EDAP normalized geomean had a spiky start but as more iterations were evaluated, the heuristic started to converge toward a minimized EDAP around  $1.07 \times 10^{-8}$  Js mm<sup>2</sup>. The best EDAP configuration used a narrow in order processor and low indexed dimensions to minimize a physical footprint without a huge loss in performance. This configuration achieved the lowest value on benchmark 1 and the highest on benchmark 4.

## $ED^2AP$



x-axis: iterations y-axis: normalized geomean

x-axis: benchmarks y-axis: normalized geomean

Similar to the other optimizations  $ED^2AP$ , the normalized geomean had a spiky start but as more iterations were evaluated, the heuristic started to converge toward a minimized  $ED^2AP$  around  $1.87 \times 10^{-8} Js^2 mm^2$ . The best  $ED^2AP$  configuration which factors in energy, performance, and area resulted in a narrow in order processor with scattered HW configurations. It achieved the lowest value on benchmark 1 and the highest on benchmark 3.

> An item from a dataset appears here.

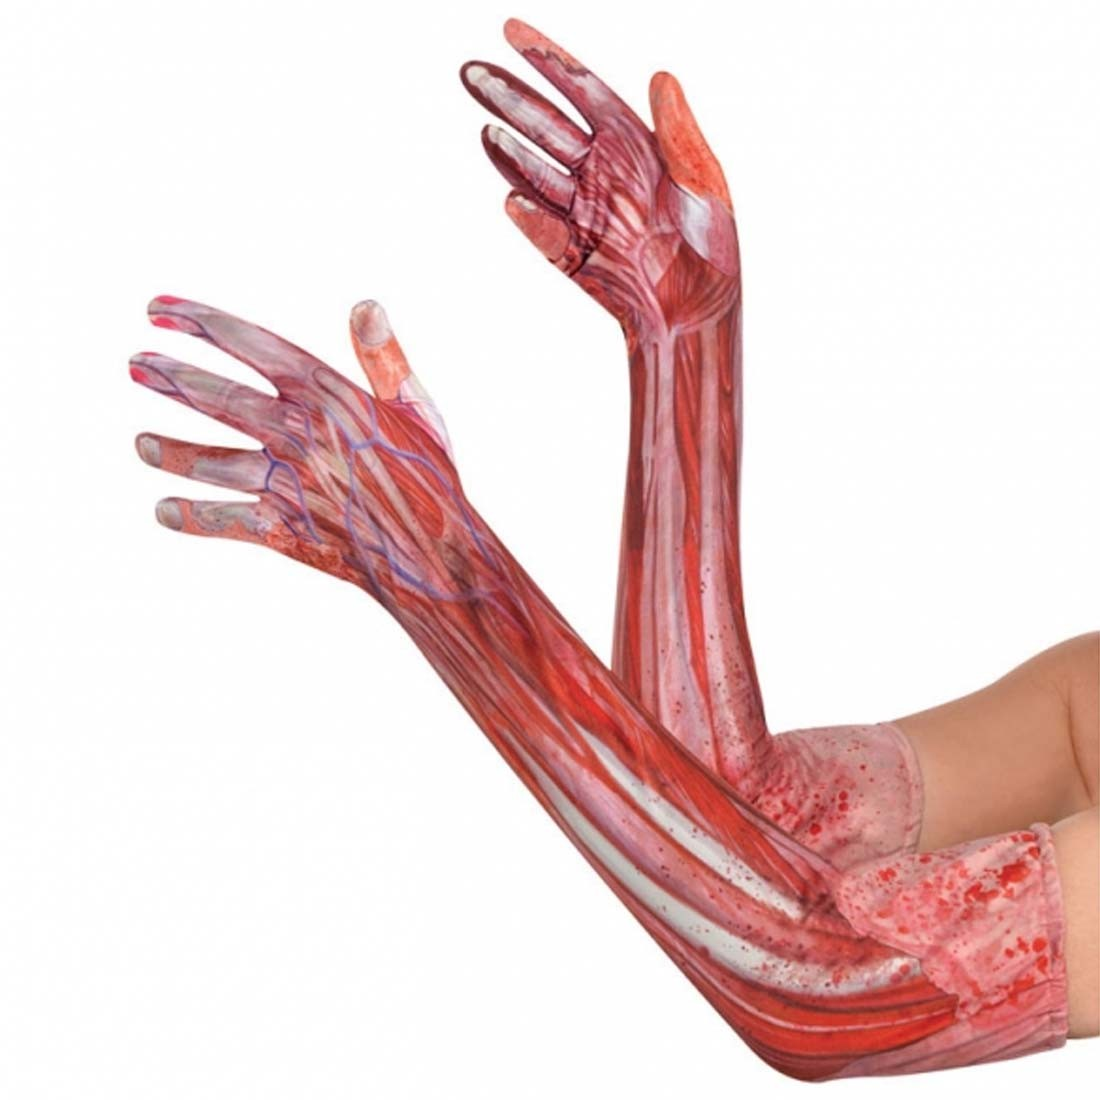 Halloween Anatomie Handschuhe Unterarm Mensch, 9,99 ¬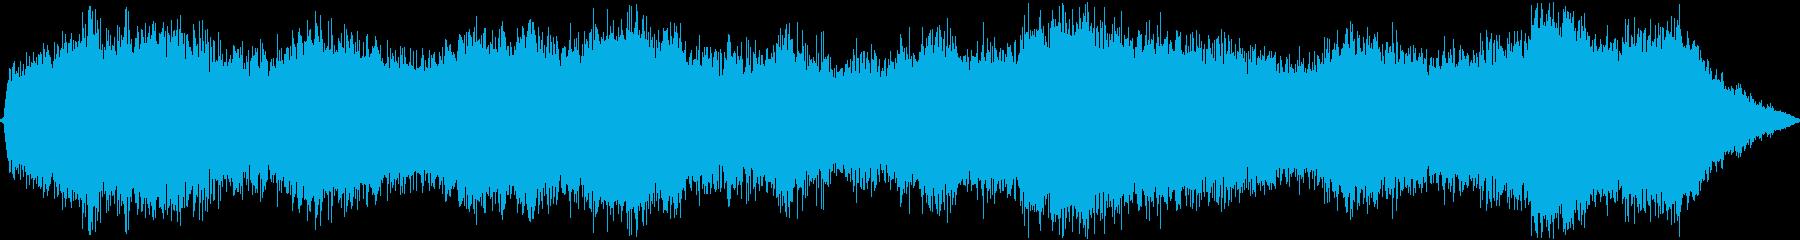 ダークアンビエント_05 リンリンの再生済みの波形

All of the optimizations were normalized to the baseline (0, 0, 0, 0, 0, 0, 5, 0, 5, 0, 2, 2, 2, 3, 0, 0, 3, 0).

|                           | EDP          | $ED^2P$      | EDAP        | $ED^2AP$    | Baseline |
|---------------------------|--------------|--------------|-------------|-------------|----------|
| 0: Width                  | 2            | 4            | 1           | 1           | 1        |
| 1: Fetch speed            | 2            | 2            | 2           | 2           | 1        |
| 2: Scheduling             | out of order | out of order | in order    | in order    | in order |
| 3: RUU Size               | 128          | 64           | 16          | 8           | 4        |
| 4: LSQ Size               | 32           | 16           | 8           | 8           | 4        |
| 5: Memports               | 1            | 2            | 2           | 1           | 1        |
| 6: L1D sets               | 512          | 512          | 512         | 512         | 1024     |
| 7: L1D ways               | 1            | 1            | 2           | 2           | 1        |
| 8: L1I sets               | 1024         | 128          | 512         | 512         | 1024     |
| 9: L1I ways               | 2            | 4            | 4           | 2           | 1        |
| 10: Unified L2 sets       | 2048         | 256          | 512         | 512         | 1024     |
| 11: Unified L2 block size | 128          | 64           | 128         | 64          | 64       |
| 12: Unified L2 ways       | 2            | 8            | 2           | 4           | 4        |
| 13: TLB sets              | 16           | 8            | 16          | 64          | 32       |
| 14: L1D latency           | 1            | 2            | 2           | 2           | 1        |
| 15: L1I latency           | 4            | 4            | 4           | 2           | 1        |
| 16: Unified L2 latency    | 8            | 8            | 6           | 7           | 8        |
| 17: Branch predictor      | perfect      | Bimodal      | 2 level GAp | 2 Level GAp | perfect  |

## **Conclusion**

In this project, I explored a large space of processor configurations and designed heuristics for different optimization goals: EDP, EDAP,  $ED^2P$ , and  $ED^2AP$ . By exploiting architectural characteristics and tailoring the algorithm, I was able to find the "best" configuration across different optimizations. This project helped me better understand how microarchitectural choices affect performance, energy, and area in the real world systems.